* Data segment:
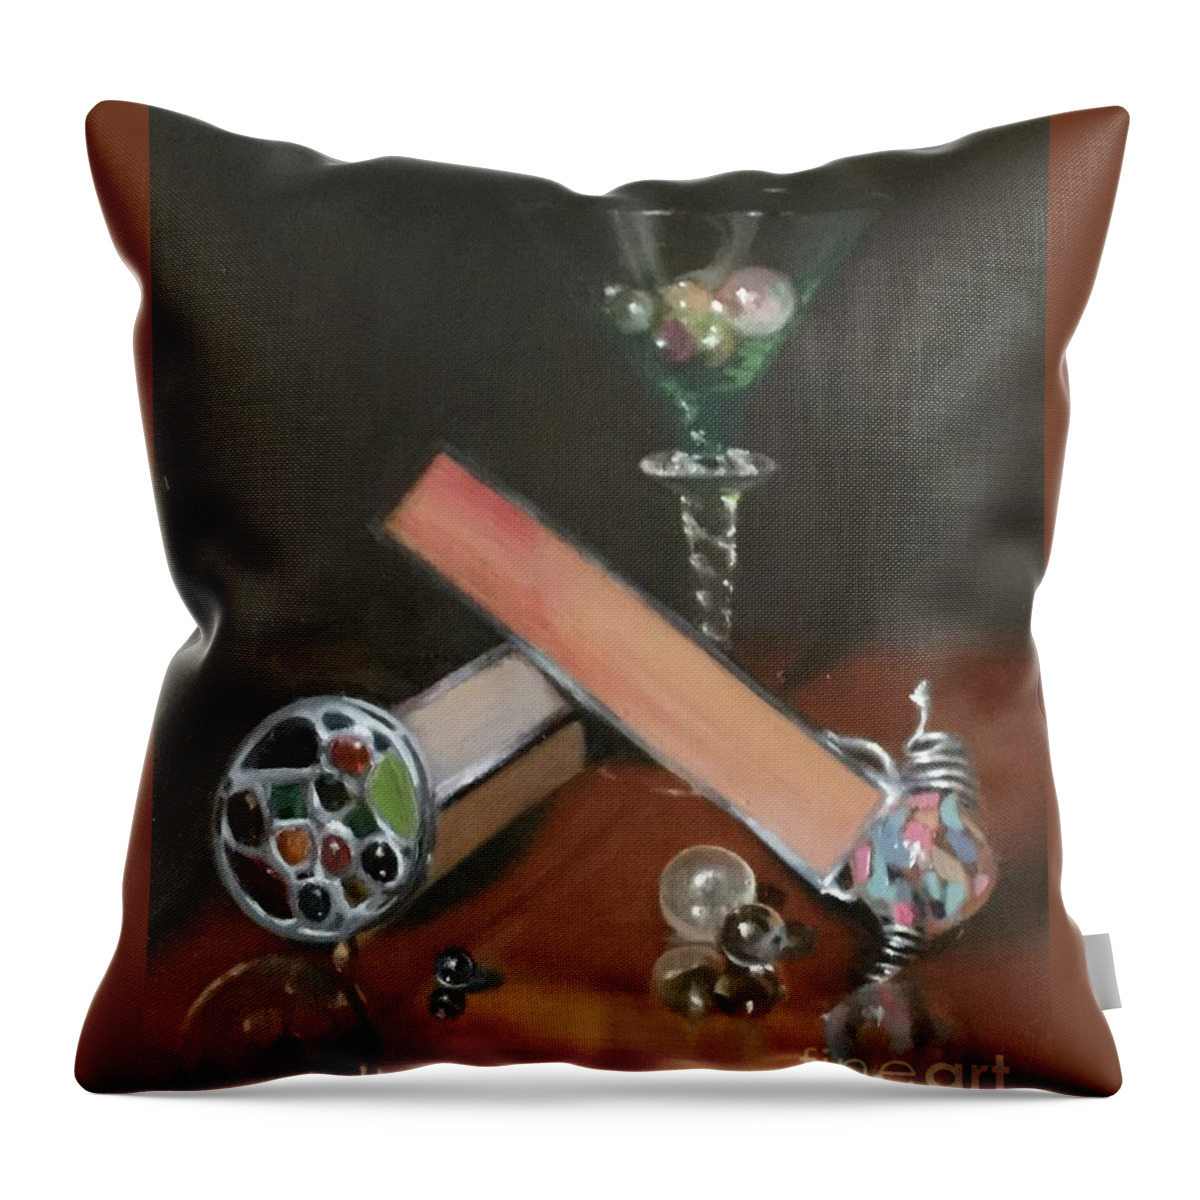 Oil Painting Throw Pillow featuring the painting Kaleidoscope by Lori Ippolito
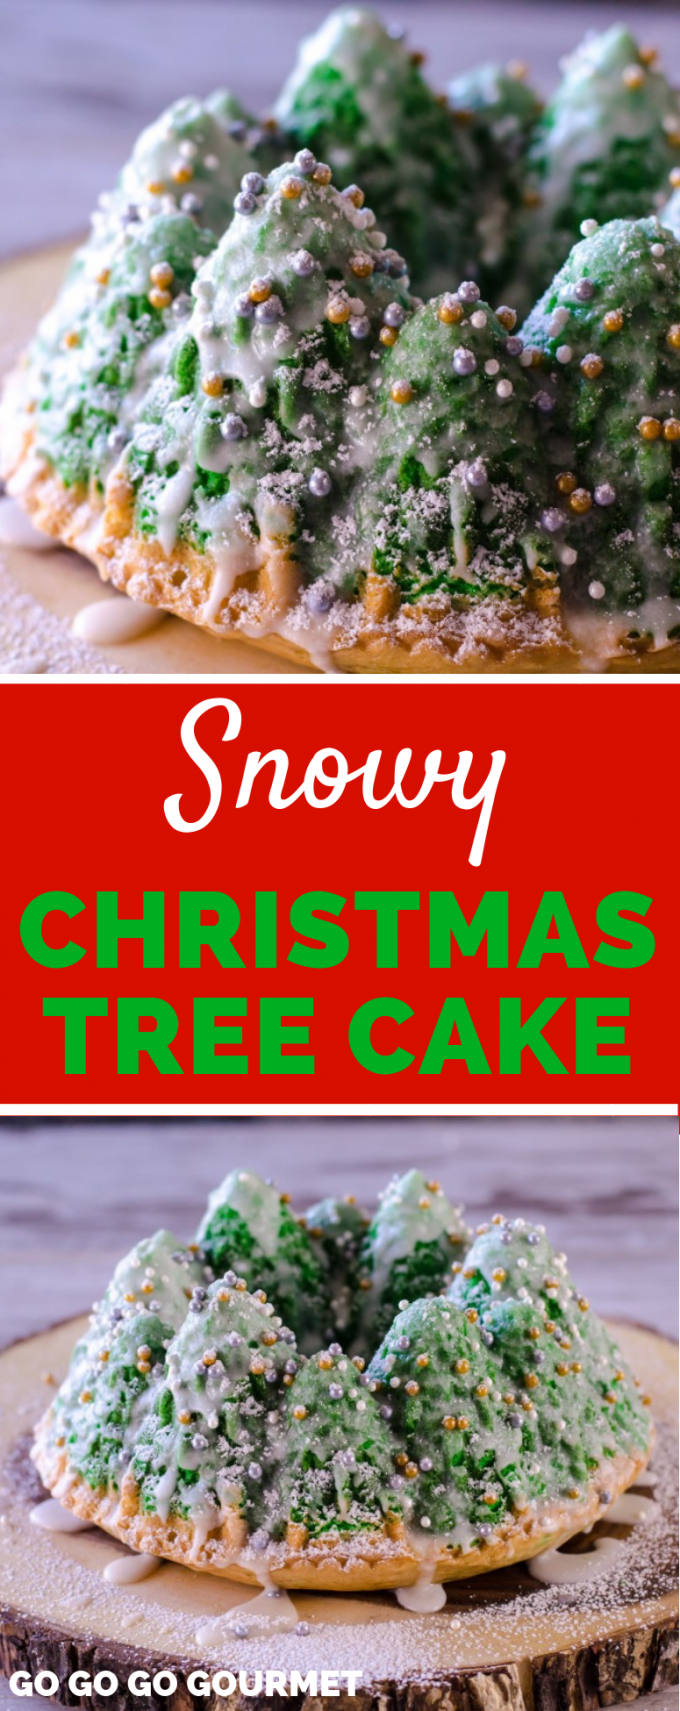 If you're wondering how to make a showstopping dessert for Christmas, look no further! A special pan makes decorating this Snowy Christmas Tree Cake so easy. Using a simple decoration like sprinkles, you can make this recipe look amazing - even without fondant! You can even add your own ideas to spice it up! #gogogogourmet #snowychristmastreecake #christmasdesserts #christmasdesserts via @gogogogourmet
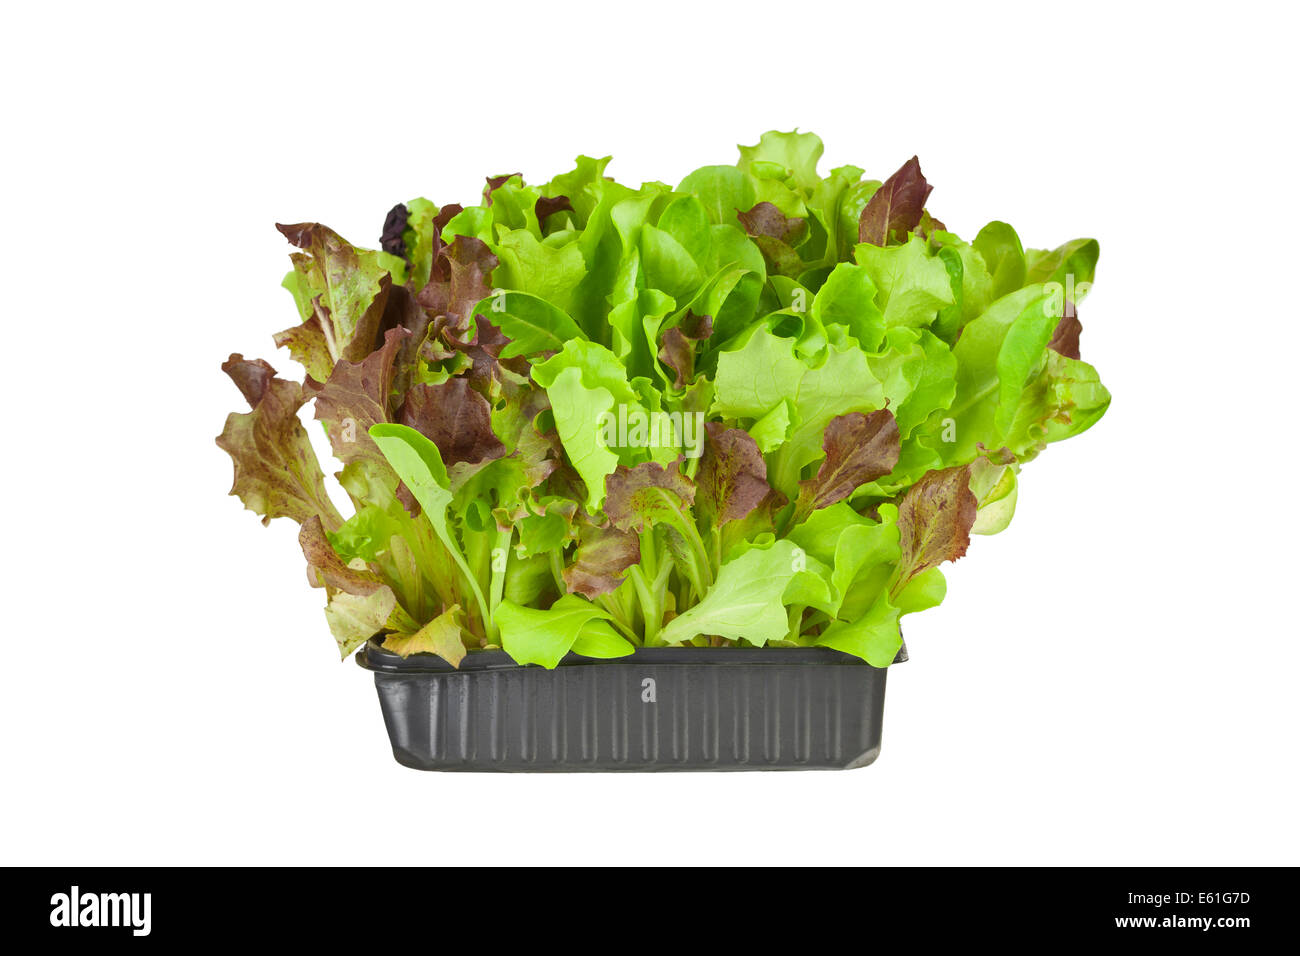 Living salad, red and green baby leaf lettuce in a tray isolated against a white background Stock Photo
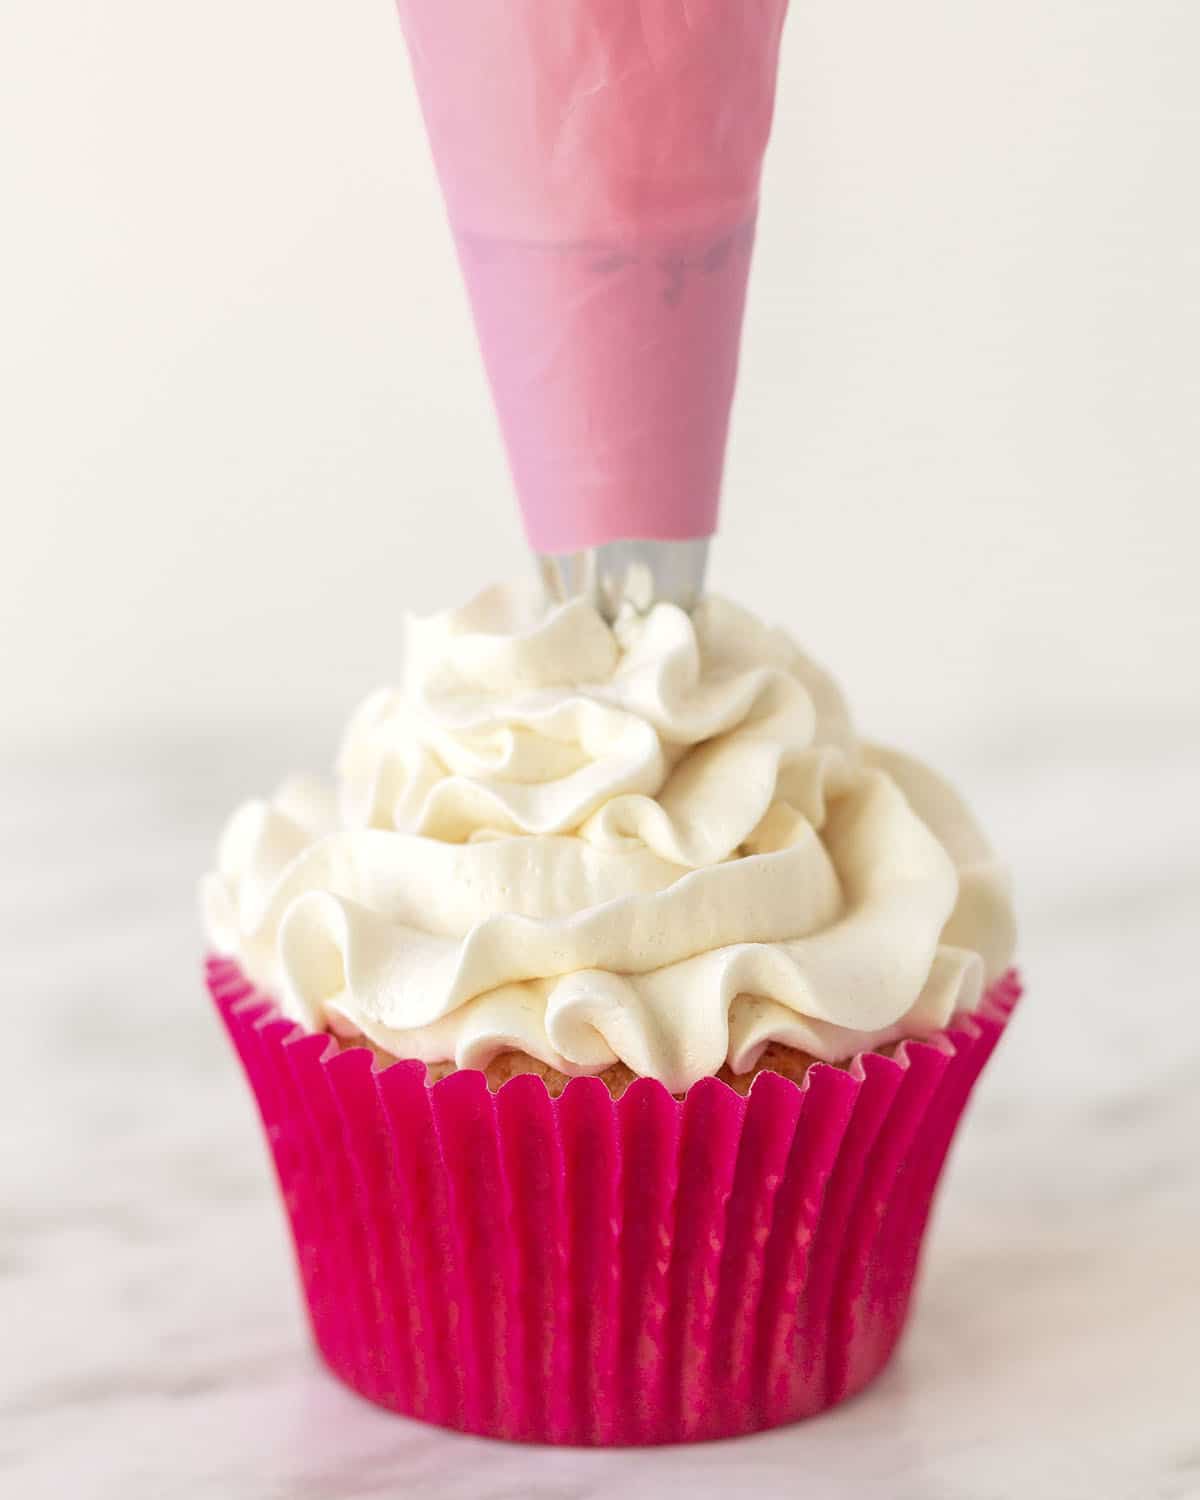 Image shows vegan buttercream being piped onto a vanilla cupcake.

* Task description:
The span to retype runs from the line containing "Living salad, red" through the last line of the listing above, both ends included; copy it exactly, without pictures.

* Written response:
 Living salad, red and green baby leaf lettuce in a tray isolated against a white background Stock Photo
 Image shows vegan buttercream being piped onto a vanilla cupcake.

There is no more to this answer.